§ **ABOUT THIS EXERCISE**:
Copy the opening lines of the listing exactly, through and including the line with "Mens High - Rise"; do not copy any pictures.

§ **COLLECTED MATERIAL**:
══════════════════════════════

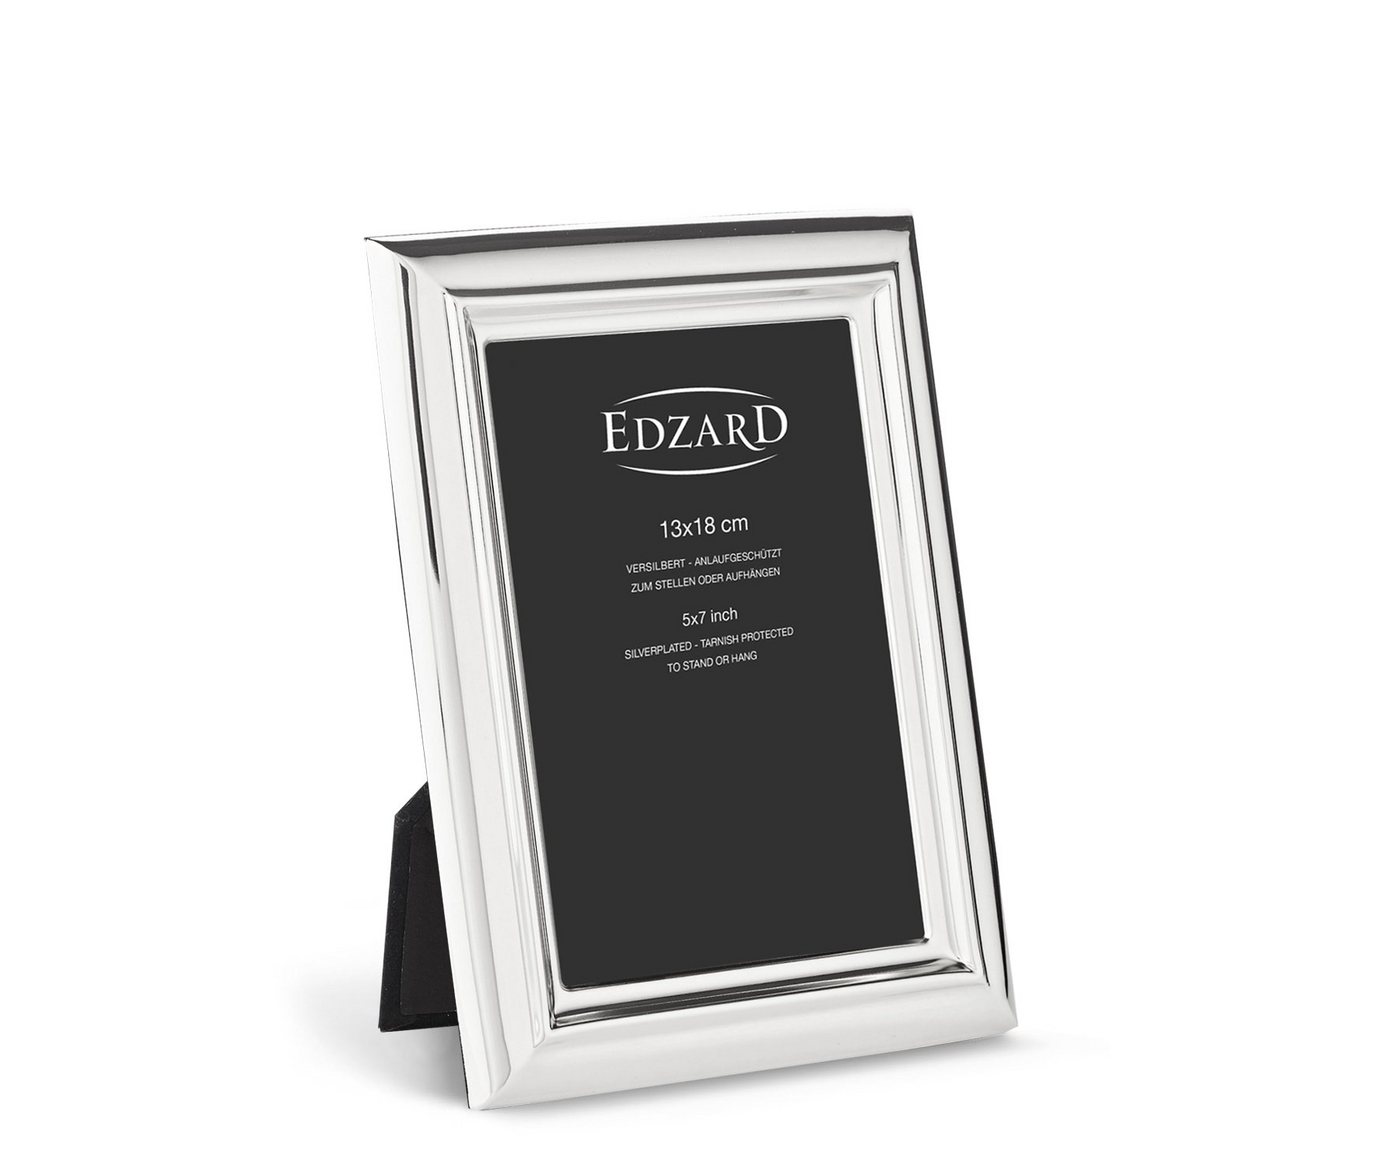 EDZARD Bilderrahmen Florenz, versilbert und anlaufgeschützt, für 13x18 cm Bilder - Fotorahmen von EDZARD
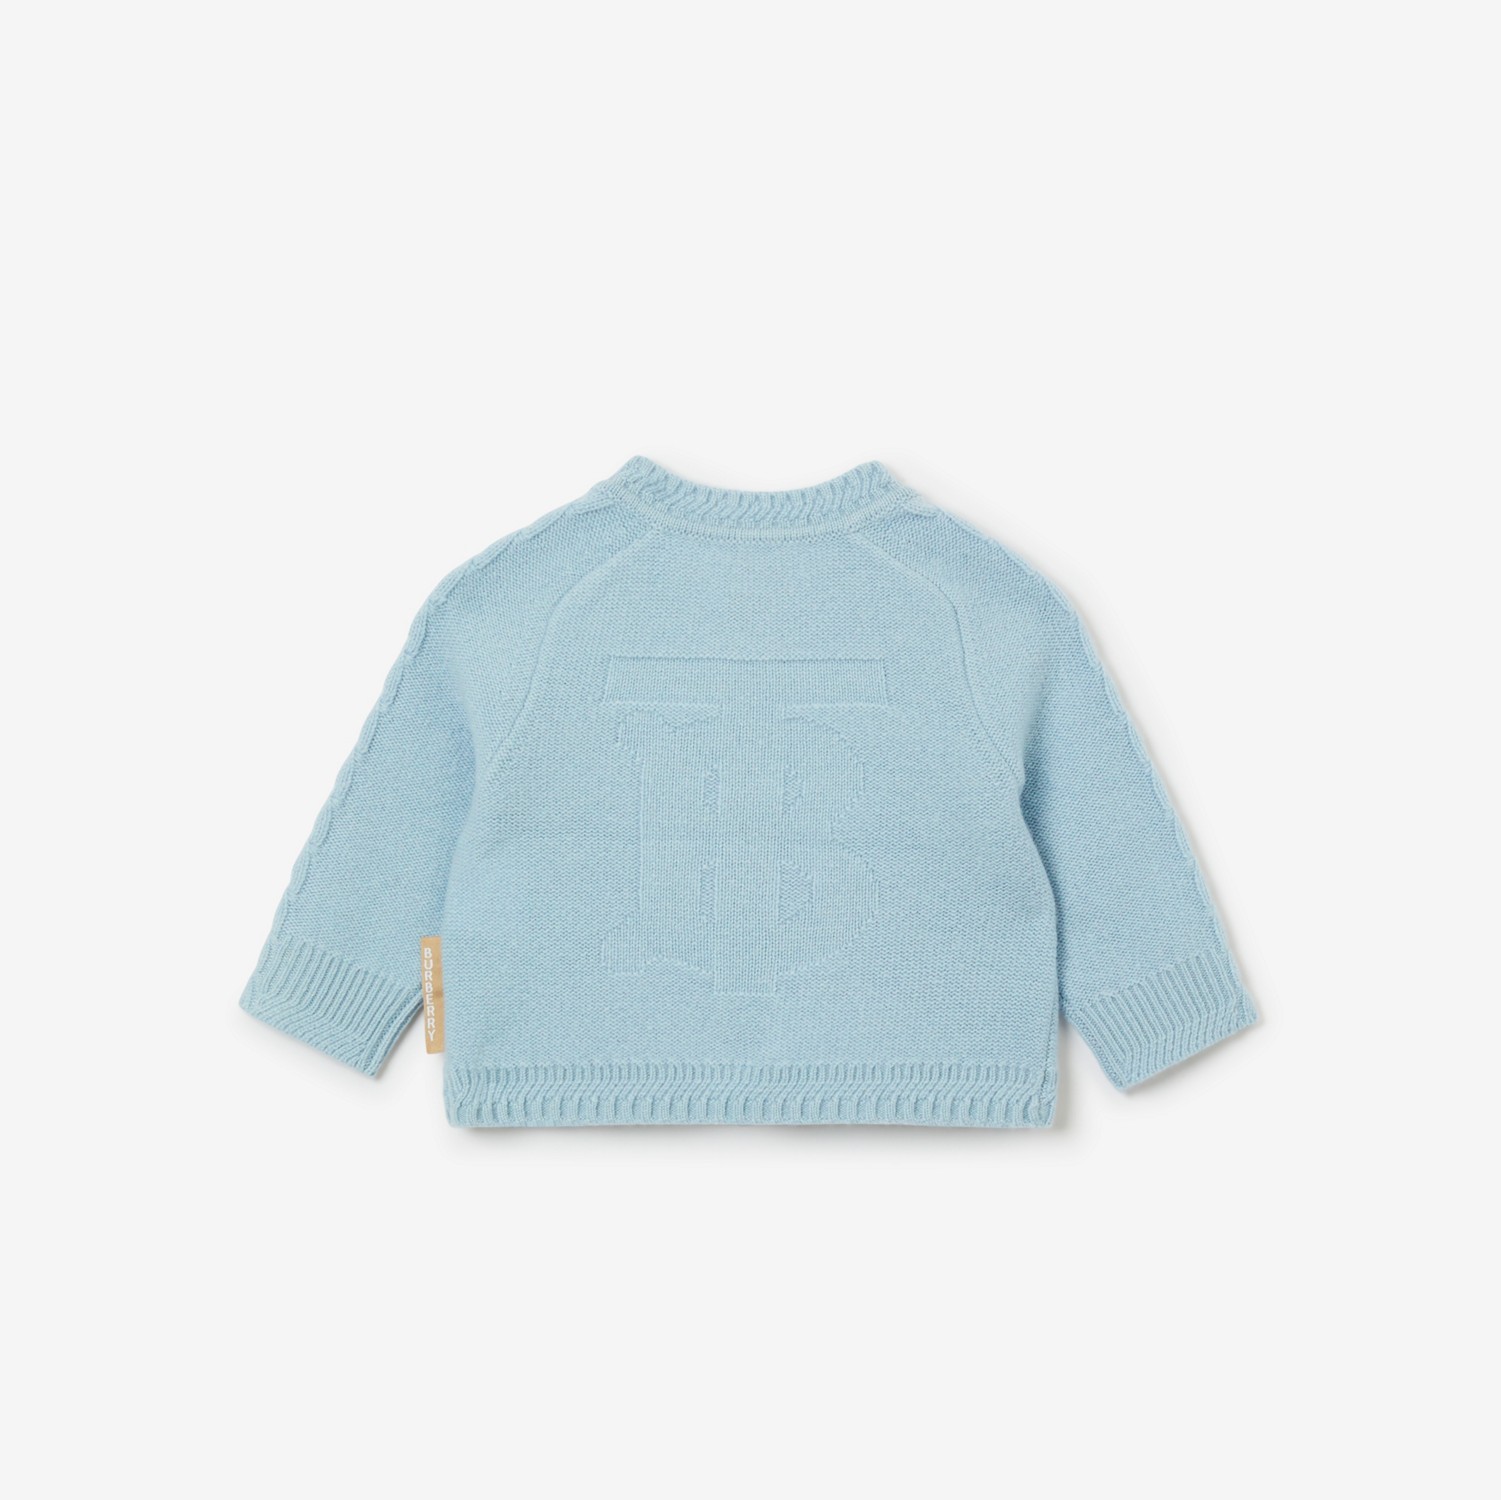 羊绒三件套婴儿礼品套装 (浅蓝色) - 儿童 | Burberry® 博柏利官网
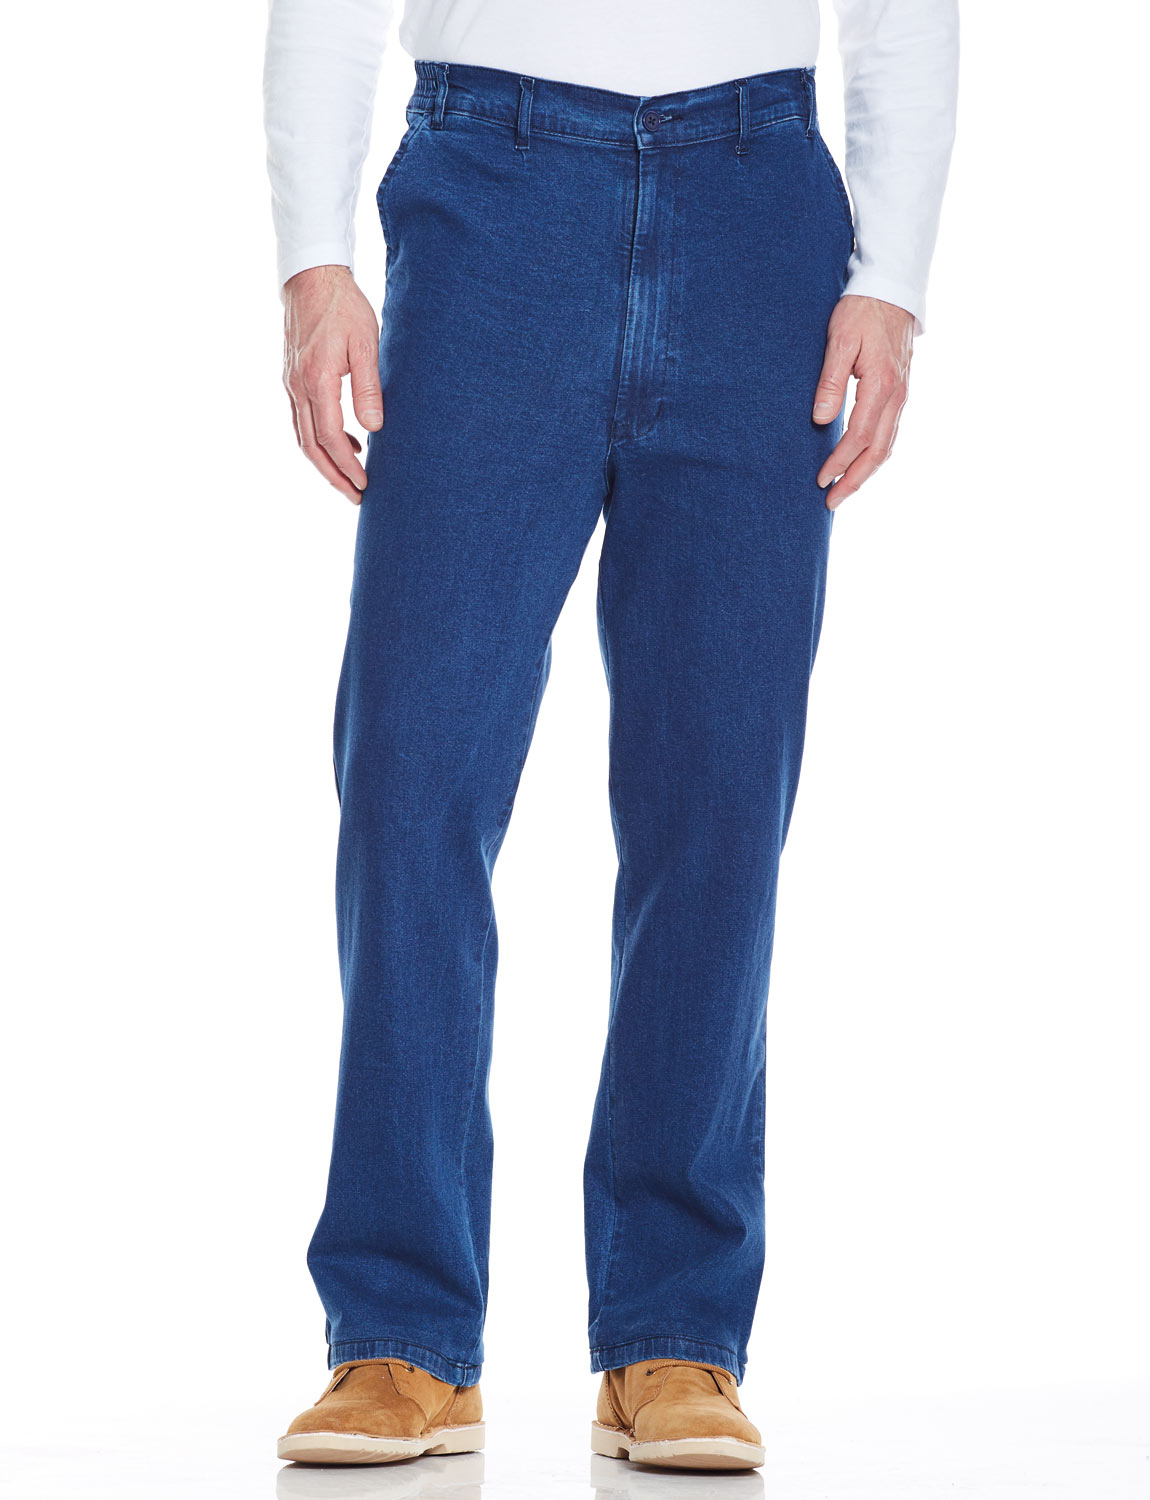 Mens High - Rise Denim Elasticated Stretch Cotton Jean | eBay
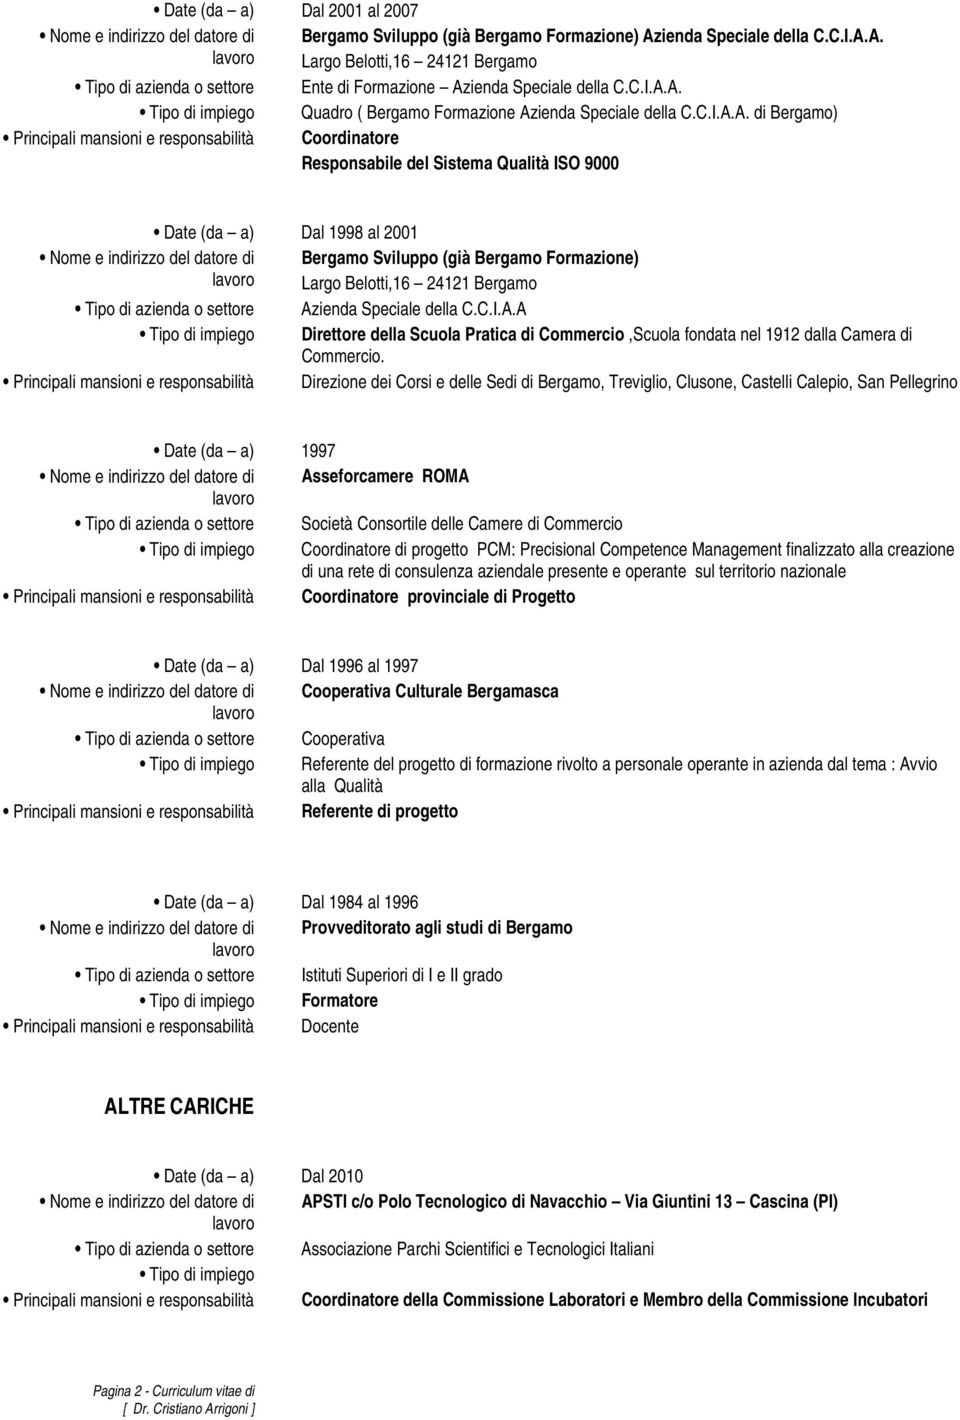 A. di Bergamo) Principali mansioni e responsabilità Coordinatore Responsabile del Sistema Qualità ISO 9000 Date (da a) Dal 1998 al 2001 Bergamo Sviluppo (già Bergamo Formazione) Tipo di azienda o

══════════════════════════════

§ **WORKED SOLUTION**:
 EDZARD Bilderrahmen Florenz, versilbert und anlaufgeschützt, für 13x18 cm Bilder - Fotorahmen von EDZARD
 羊绒三件套婴儿礼品套装 (浅蓝色) - 儿童 | Burberry® 博柏利官网
 Mens High - Rise Denim Elasticated Stretch Cotton Jean | eBay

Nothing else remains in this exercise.